▶ Material for this task
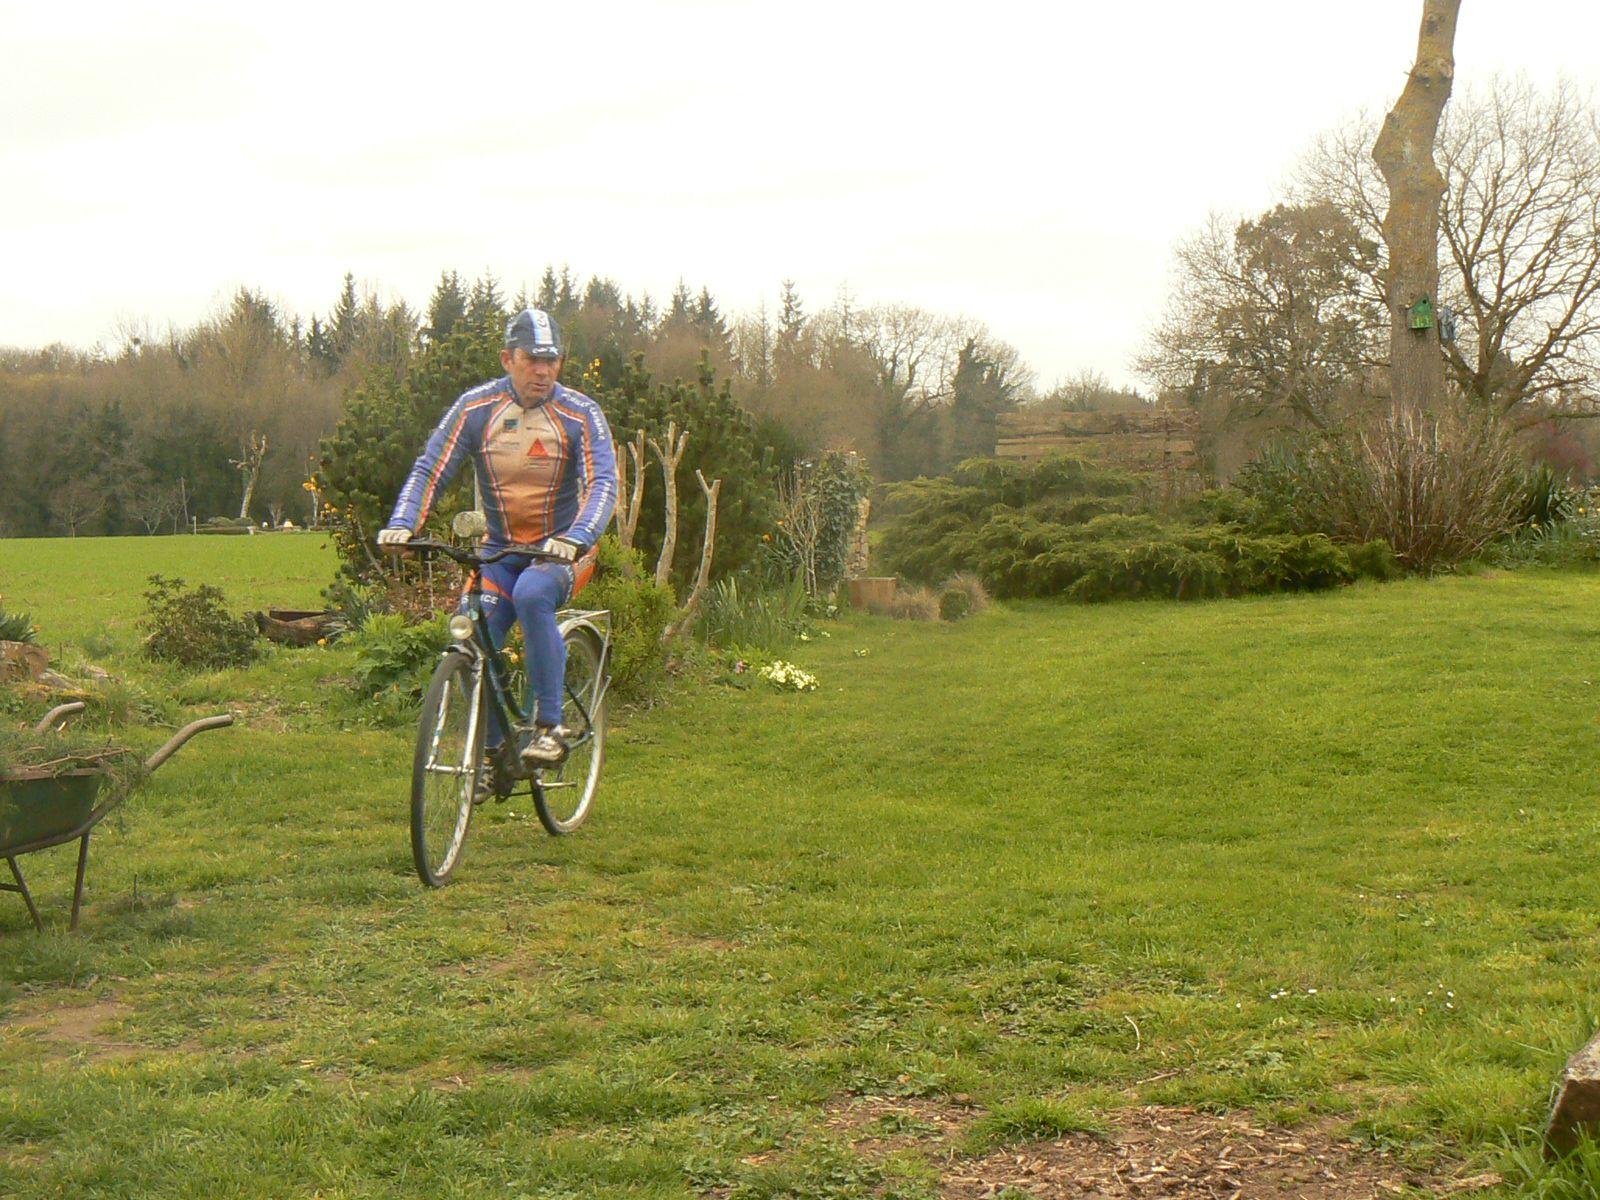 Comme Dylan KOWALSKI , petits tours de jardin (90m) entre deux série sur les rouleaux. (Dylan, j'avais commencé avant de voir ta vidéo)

...

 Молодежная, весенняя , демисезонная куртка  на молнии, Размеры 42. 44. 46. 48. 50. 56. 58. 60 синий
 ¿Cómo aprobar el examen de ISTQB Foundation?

▶ Task directions
Out of the listing above, reproduce exactly the lines from the one with "Молодежная, весенняя , демисезонная" up to and including the one with "de ISTQB Foundation?".

▶ Solution for this exercise
 Молодежная, весенняя , демисезонная куртка  на молнии, Размеры 42. 44. 46. 48. 50. 56. 58. 60 синий
 ¿Cómo aprobar el examen de ISTQB Foundation?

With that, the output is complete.